Transitions Newsletter Header

Issue 34 | Summer 2023

Lead Story

A long-term vision of Hierarchical System Development for UFS

Contributed by Tracy Hertneky, Xia Sun, Ligia Bernardet, Tara Jensen, Mike Ek

Despite significant improvement of model development and computational resources, model forecast issues still exist in numerical weather prediction (NWP) and Earth system models (ESMs), including the Unified Forecast System (UFS). Hierarchical System Development (HSD) (Ek et al. 2019) is an efficient approach for model development, enabling the community with multiple entry points for research efforts, spanning simple processes to complex systems. It accelerates research-to-operations-to-research (R2O2R) by facilitating interactions between a broad scientific community and the operational community.

HSD is critical for research because it enables the research community to have multiple entry points into development that reflect their interests.

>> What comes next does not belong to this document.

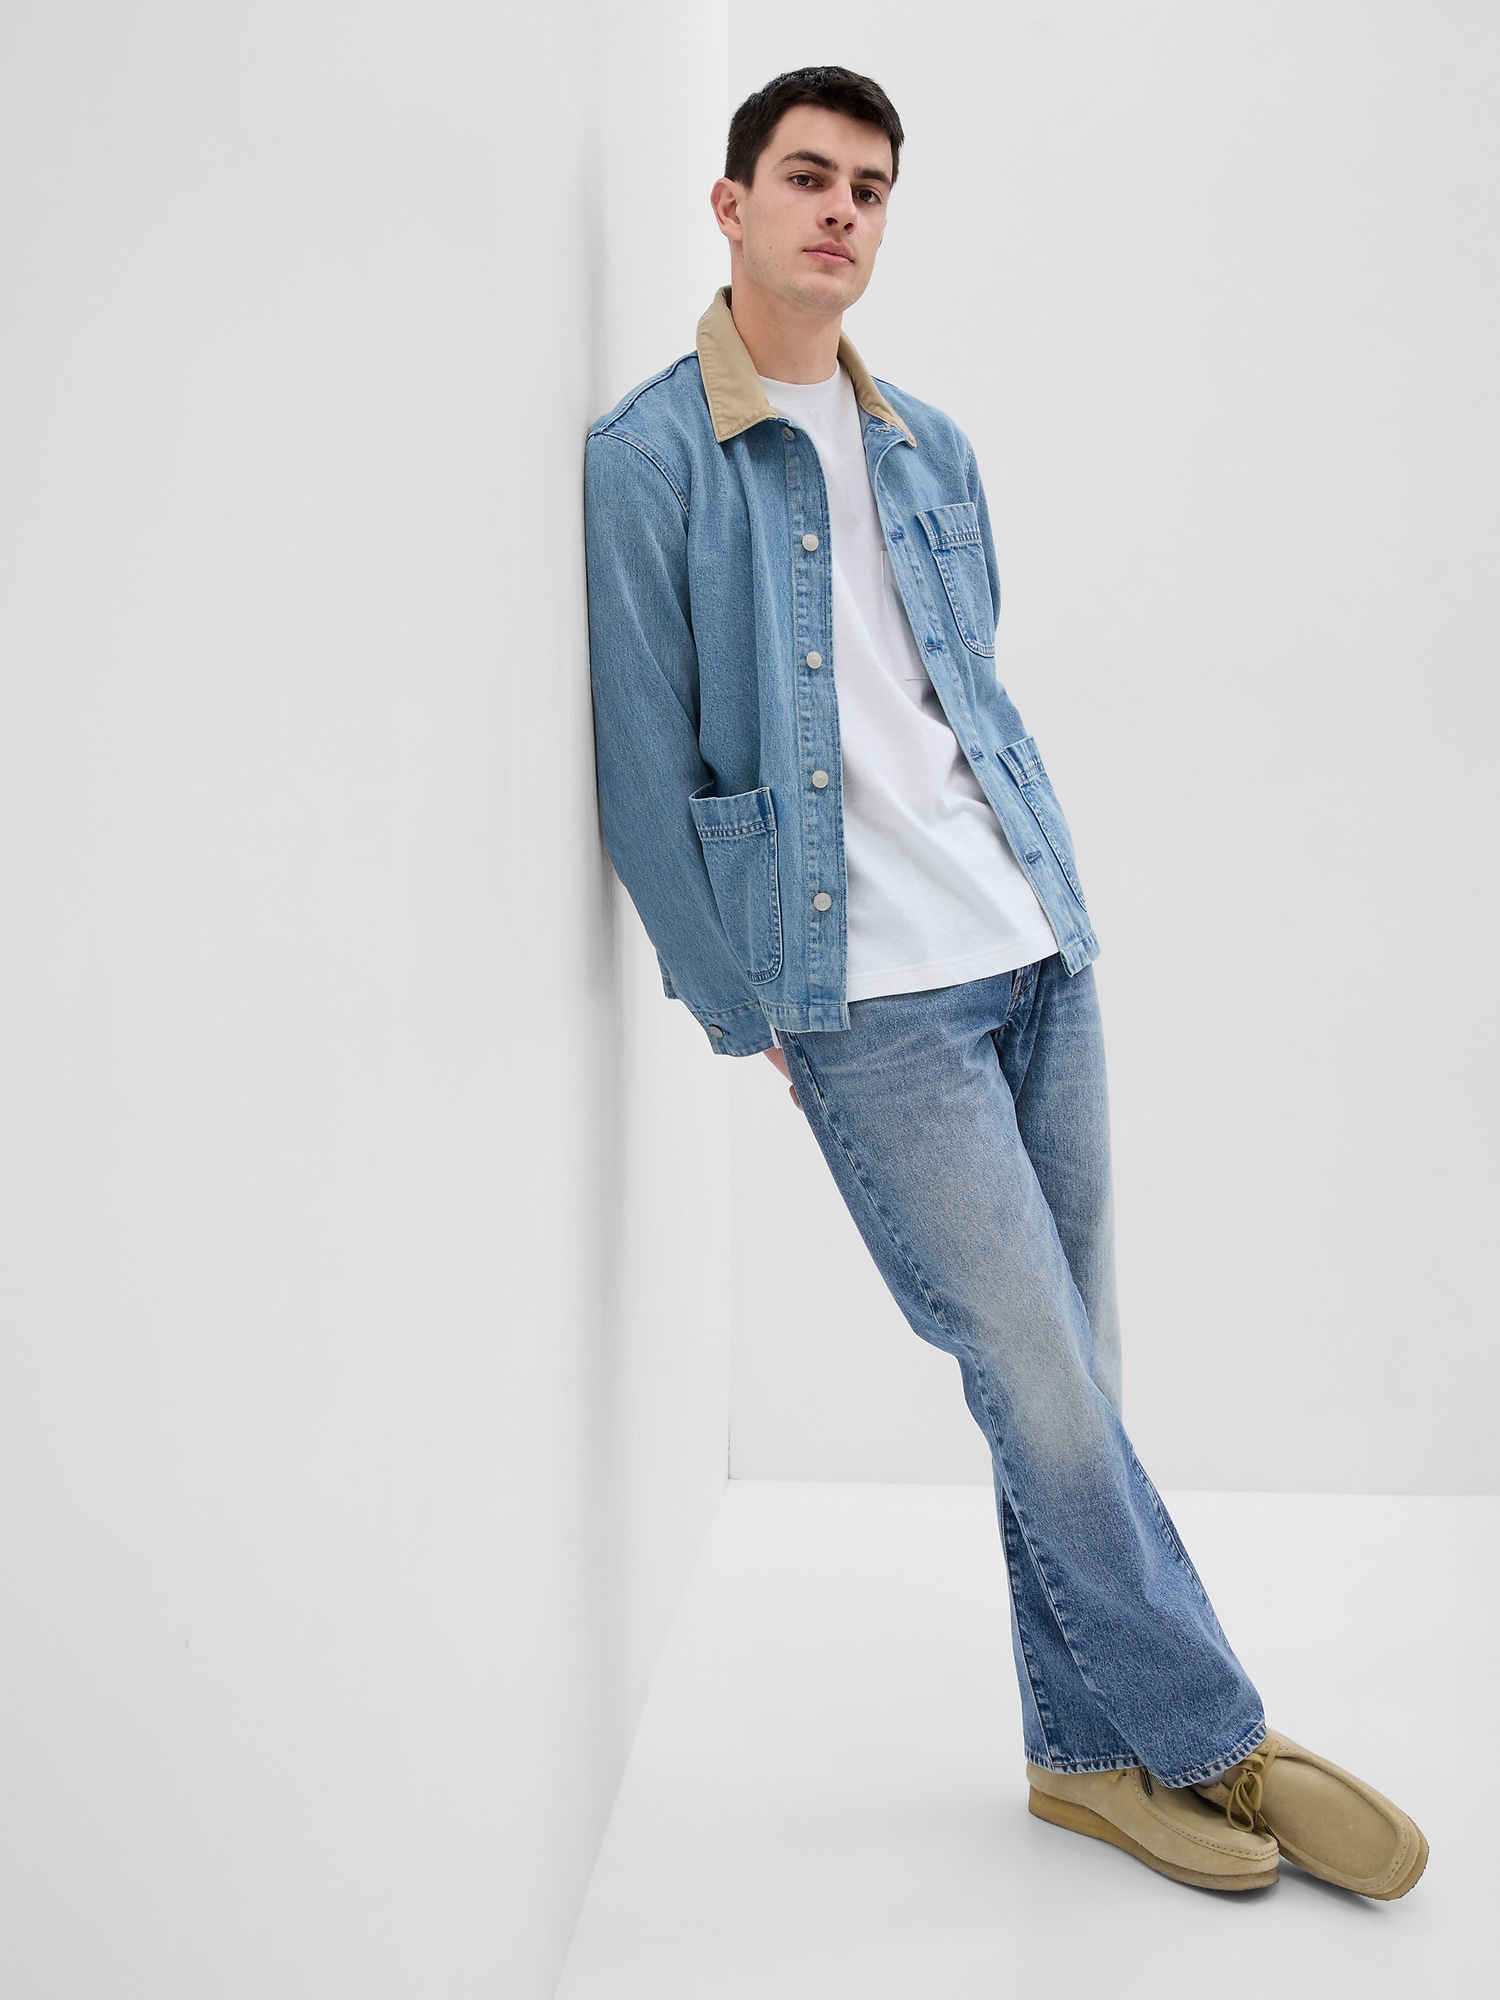 Gap Long & Lean bootcut jeans 16 33R

The Developmental Testbed Center (DTC), in collaboration with the Earth Prediction Innovation Center (EPIC), prepared a white paper describing a long-term vision of HSD for the UFS and a plan for its phased implementation. This paper outlines proposed hierarchical axes relevant to the UFS, HSD capabilities that currently exist in the UFS, and recommendations for future development by EPIC aligned with each axis. A survey on HSD for UFS was distributed to a broad research and operational community to collect valuable insight and feedback on participants' experience with, and use of, HSD tools, testing infrastructure, current and future capability needs, and perceived gaps to help inform the future HSD within the UFS. The results were used to inform the white paper and prioritize the proposed recommendations.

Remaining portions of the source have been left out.